ASGrasp: Generalizable Transparent Object Reconstruction and Grasping from RGB-D Active Stereo Camera

Jun Shi,Yong A,Yixiang Jin,Dingzhe Li,Haoyu Niu,Zhezhu Jin,He Wang
2024-05-09
Abstract:In this paper, we tackle the problem of grasping transparent and specular objects. This issue holds importance, yet it remains unsolved within the field of robotics due to failure of recover their accurate geometry by depth cameras. For the first time, we propose ASGrasp, a 6-DoF grasp detection network that uses an RGB-D active stereo camera. ASGrasp utilizes a two-layer learning-based stereo network for the purpose of transparent object reconstruction, enabling material-agnostic object grasping in cluttered environments. In contrast to existing RGB-D based grasp detection methods, which heavily depend on depth restoration networks and the quality of depth maps generated by depth cameras, our system distinguishes itself by its ability to directly utilize raw IR and RGB images for transparent object geometry reconstruction. We create an extensive synthetic dataset through domain randomization, which is based on GraspNet-1Billion.
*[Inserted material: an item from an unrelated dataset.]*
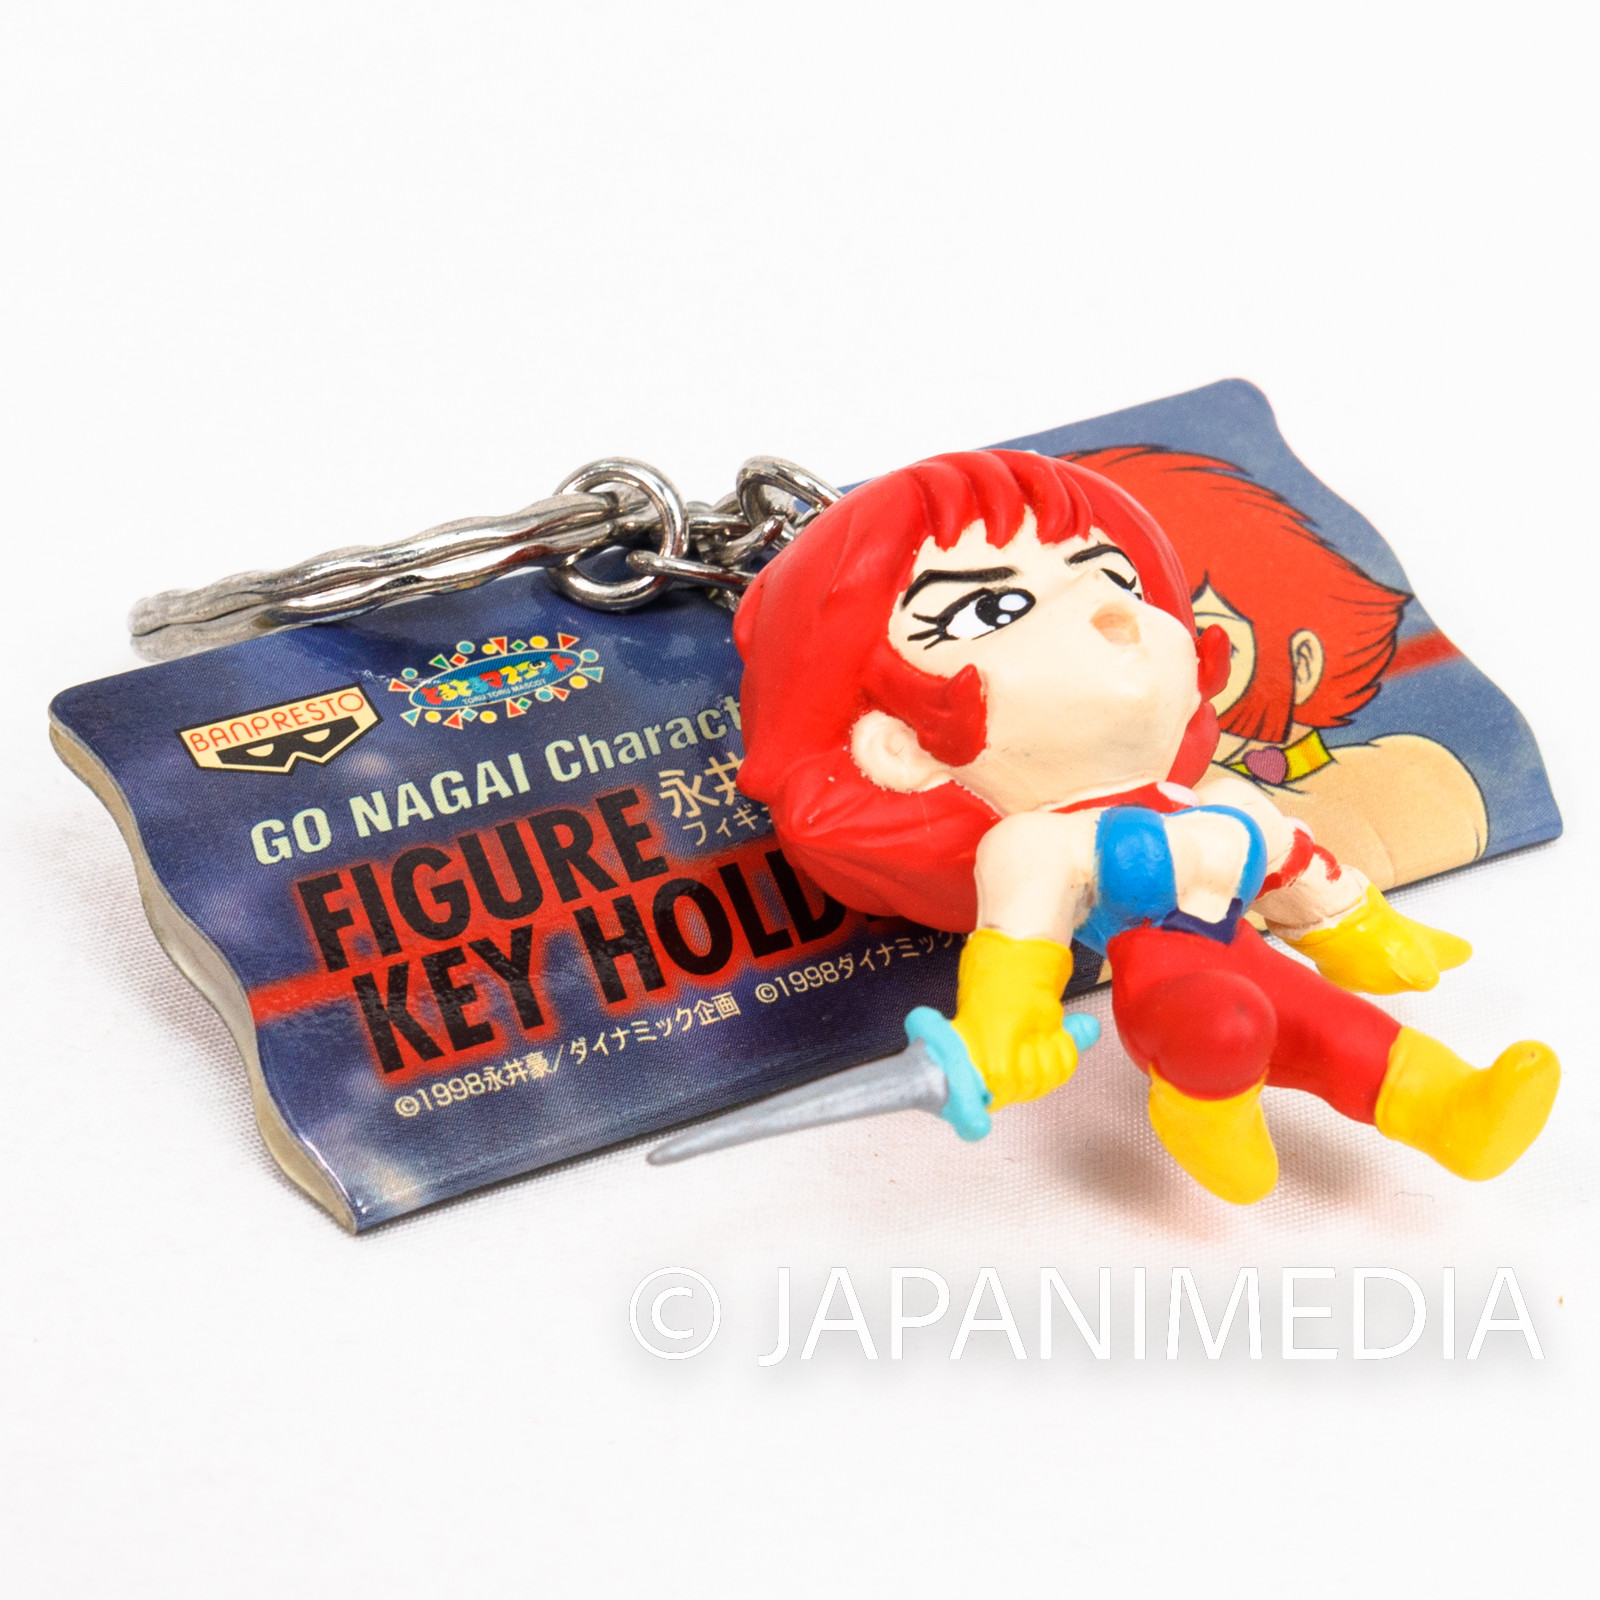 Cutie Honey Kisaragi Figure Key Chain JAPAN ANIME MANGA NAGAI GO

Our experiments demonstrate that ASGrasp can achieve over 90% success rate for generalizable transparent object grasping in both simulation and the real via seamless sim-to-real transfer. Our method significantly outperforms SOTA networks and even surpasses the performance upper bound set by perfect visible point cloud inputs.Project page:
Robotics,Computer Vision and Pattern Recognition
What problem does this paper attempt to address?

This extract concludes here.